İngilizce içindeki pods ne anlama geliyor?
İngilizce'deki pods kelimesinin anlamı nedir? Makale, tam anlamını, telaffuzunu ve iki dilli örneklerle birlikte pods'ün İngilizce'te nasıl kullanılacağına ilişkin talimatları açıklamaktadır.

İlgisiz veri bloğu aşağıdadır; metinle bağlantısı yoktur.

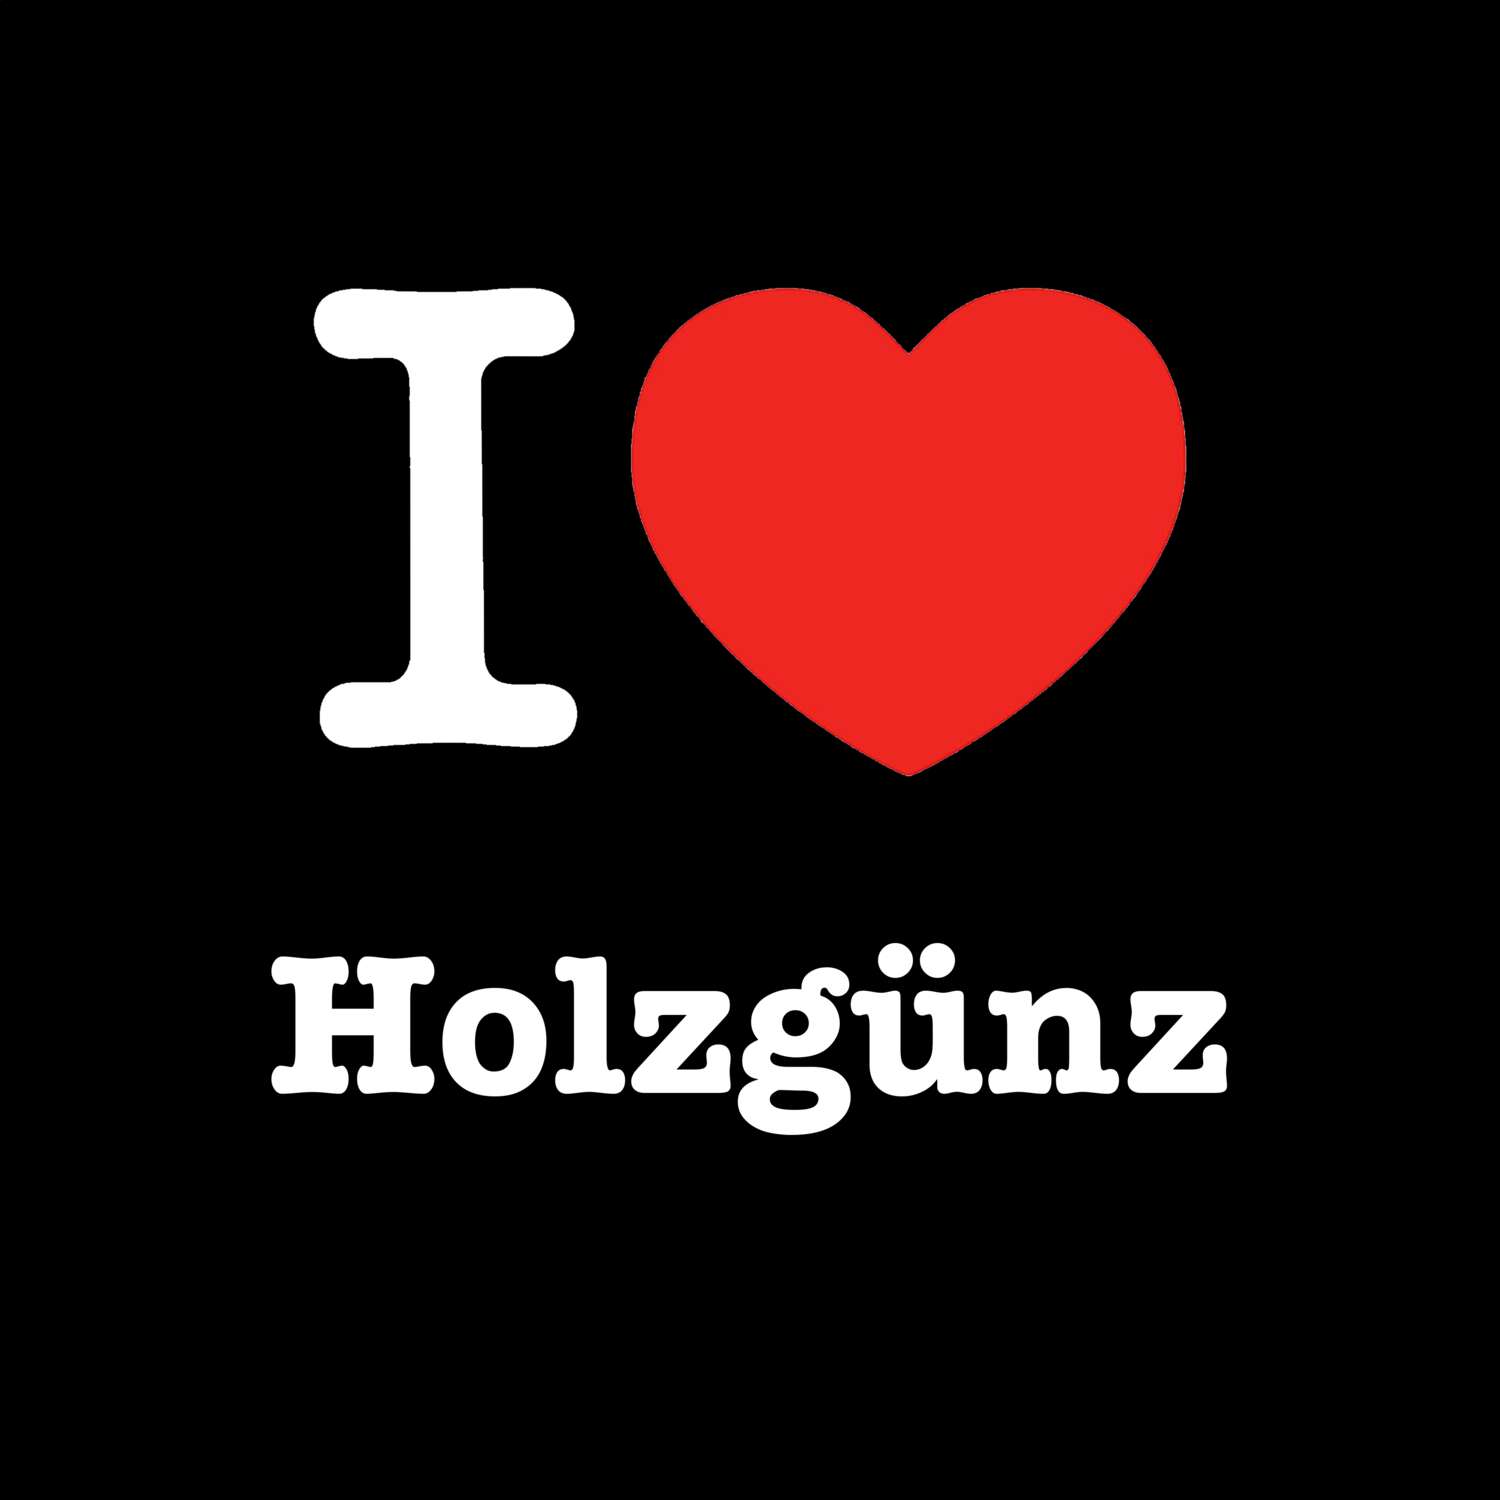 Holzgünz T-Shirt »I love«

İngilizce içindeki pods kelimesi kabuk, çıkarılabilir/sökülebilir bölme, kabuklanmak, muhafaza, birbirinin aynısı olmak anlamına gelir. Daha fazla bilgi için lütfen aşağıdaki ayrıntılara bakın.
pods kelimesinin anlamı
kabuknoun (vegetable casing: pea, etc.) (bezelye, vb.) (isim: Canlı cansız bütün varlıkları ve kavramları ifade eder.) Remove the peas from their pods, then cook in boiling water. |
çıkarılabilir/sökülebilir bölmenoun (detachable object, capsule) (isim: Canlı cansız bütün varlıkları ve kavramları ifade eder.) Dave and Arnie jumped into the escape pod and made their getaway from the ship. |
kabuklanmakintransitive verb (plant: grow pods) (bitki) (geçişsiz fiil: Fiil bir nesne olmadan gerçekleşiyor ve sadece öznenin üstünde kalıyorsa bu geçişsiz fiildir (örnek: "çocuk konuşuyor").) My pea plant is starting to pod. |
muhafazanoun (container) (isim: Canlı cansız bütün varlıkları ve kavramları ifade eder.) There are fuel pods on the jet fighter's wings. |
birbirinin aynısı olmakverbal expression (figurative (identical to one another) (fiil: Varlıkların ve kavramların (isimlerin) yapmış oldukları hareketleri, içinde bulundukları durumları, etkilendikleri işleri ifade eder.) The two little girls were as alike as two peas in a pod. |
İngilizce öğrenelim
Artık pods'ün İngilizce içindeki anlamı hakkında daha fazla bilgi sahibi olduğunuza göre, seçilen örnekler aracılığıyla bunların nasıl kullanılacağını ve nasıl yapılacağını öğrenebilirsiniz. onları okuyun. Ve önerdiğimiz ilgili kelimeleri öğrenmeyi unutmayın. Web sitemiz sürekli olarak yeni kelimeler ve yeni örneklerle güncellenmektedir, böylece bilmediğiniz diğer kelimelerin anlamlarını İngilizce içinde arayabilirsiniz.
pods ile ilgili kelimeler
İngilizce sözcükleri güncellendi
İngilizce hakkında bilginiz var mı
İngilizce, İngiltere'ye göç eden ve 1400 yılı aşkın bir süre içinde gelişen Germen kabilelerinden gelmektedir. İngilizce, Çince ve İspanyolca'dan sonra dünyada en çok konuşulan üçüncü dildir. En çok öğrenilen ikinci dildir. ve yaklaşık 60 egemen ülkenin resmi dilidir.Bu dil, ikinci ve yabancı dil olarak anadili konuşanlardan daha fazla sayıda konuşmacıya sahiptir.İngilizce aynı zamanda Birleşmiş Milletler, Avrupa Birliği ve diğer birçok uluslararası kuruluşun ortak resmi dilidir. ve bölgesel organizasyonlar. Günümüzde dünyanın her yerindeki İngilizce konuşanlar nispeten kolaylıkla iletişim kurabiliyor.